Voiceprint extraction

In order to run voiceprint extraction for a single audio file, you should start by sending a POST request to /api/technology/speaker-identification-voiceprint-extraction as follows:

with open("john_doe.wav", mode="rb") as file:
files = {"file": file}
# Replace <speech-platform-server> with your actual server URL
response = requests.post(
"https://<speech-platform-server>/api/technology/speaker-identification-voiceprint-extraction",
files=files,
)
response.raise_for_status()

If the task was successfully accepted, a 202 code will be returned together with a unique task ID in the response body. The task isn't immediately processed, but only scheduled for processing. You can check the current task status while polling for the result.

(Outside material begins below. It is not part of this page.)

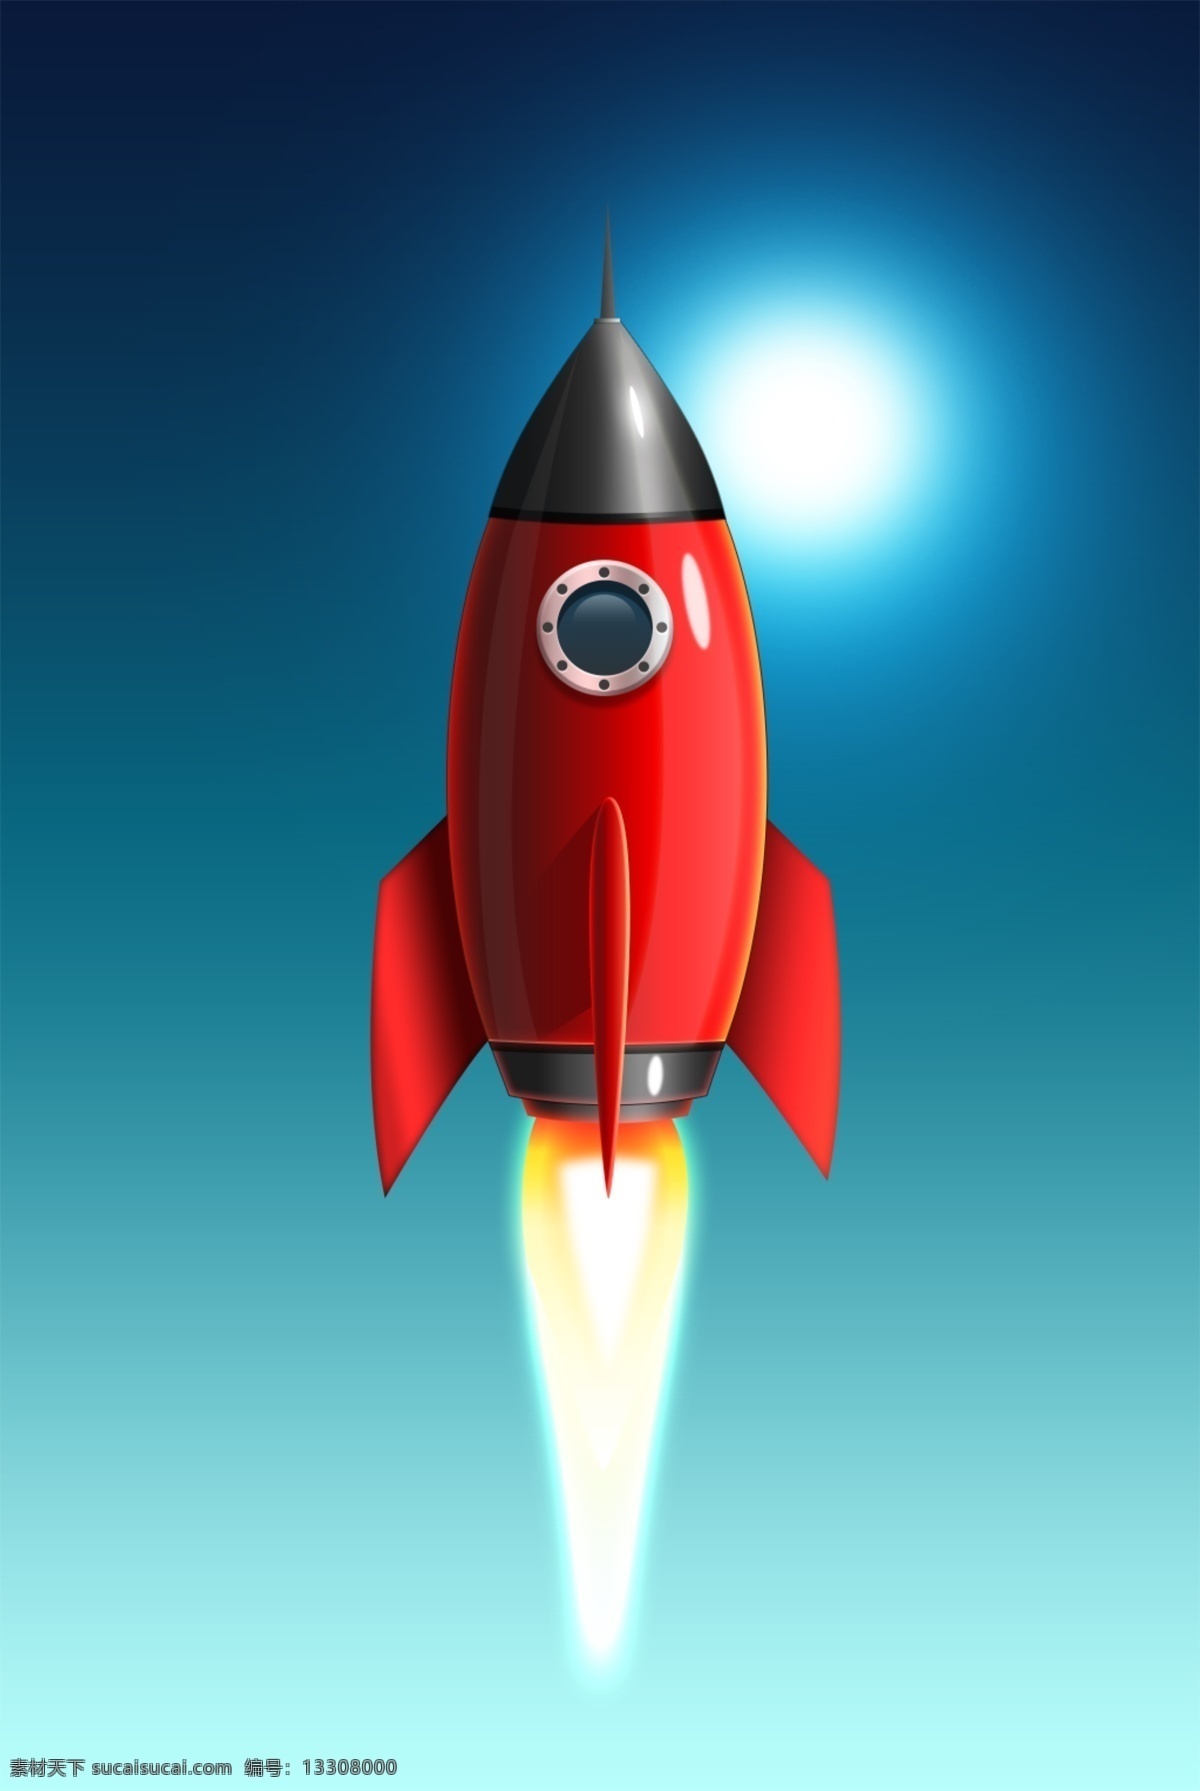 精美 红色 火箭 图标 icon 图标设计 icon设计 icon图标 网页图标 火箭图标 火箭icon 火箭图标设计 发射火箭图标

The URL for polling for the result is returned in the X-Location header. Alternatively, you can assemble the polling URL on your own by appending a slash (/) and task ID to the initial voiceprint extraction URL.

polling_url = response.headers["x-location"]

counter = 0
while counter < 100:
response = requests.get(polling_url)
response.raise_for_status()
data = response.json()
task_status = data["task"]["state"]
if task_status in ["done", "failed", "rejected"]:
break
counter += 1
time.sleep(5)

Once the polling finishes, data will contain the latest response from the server -- either a response with the extracted voiceprint(s), or an error message with details in case processing was not able to finish. The response contains one voiceprint for each channel. Example result of a successful voiceprint extraction from a stereo file (voiceprints were shortened for readability):

{
"task": {"task_id": "fb9de4e5-a768-4069-aff3-c74c826f3ddf", "state": "done"},
"result": {
"channels": [
{
"channel_number": 0,
"voiceprint": "e2kDY3JjbDAWiyhpCWVtYmVkZGluZ1tkO/QWvmS8JkuGZDyv+F5kvJQzJ...",
"speech_length": 49.08,
"model": "sid-xl5",
},
{
"channel_number": 1,
"voiceprint": "e2kDY3JjbFL6NSxpCWVtYmVkZGluZ1tkO2ygcGS8CduAZDxa6ZBkPHrYf...",
"speech_length": 116.35,
"model": "sid-xl5",
},
]
},
}

Let's get back to our example with the mono audio files. In our case, the target voiceprint can be accessed as follows:

known_audio_voiceprint = data["result"]["channels"][0]["voiceprint"]

Great, you've extracted your first voiceprint and assigned it to a variable, congratulations! Now, you can repeat the same process for the entire archive and collect the extracted voiceprints in a list, so it's ready for the comparison. Let's name the list unknown_audios_voiceprints. The easiest way to do so is to repeat the same steps for each unknown audio file in a for loop and append each extracted voiceprint to the unknown_audios_voiceprints list. Note that this unknown_audios_voiceprints list should have the length of M. Please refer to the full Python code to see how it's done.

Voiceprint comparison

The voiceprints are extracted, so we can move on to the actual comparison. Two non-empty lists of voiceprints are expected as input for comparison. Each voiceprint is expected to be a Base64-encoded string, but you don't have to worry about it — the voiceprints are already returned in this format from the voiceprint extraction.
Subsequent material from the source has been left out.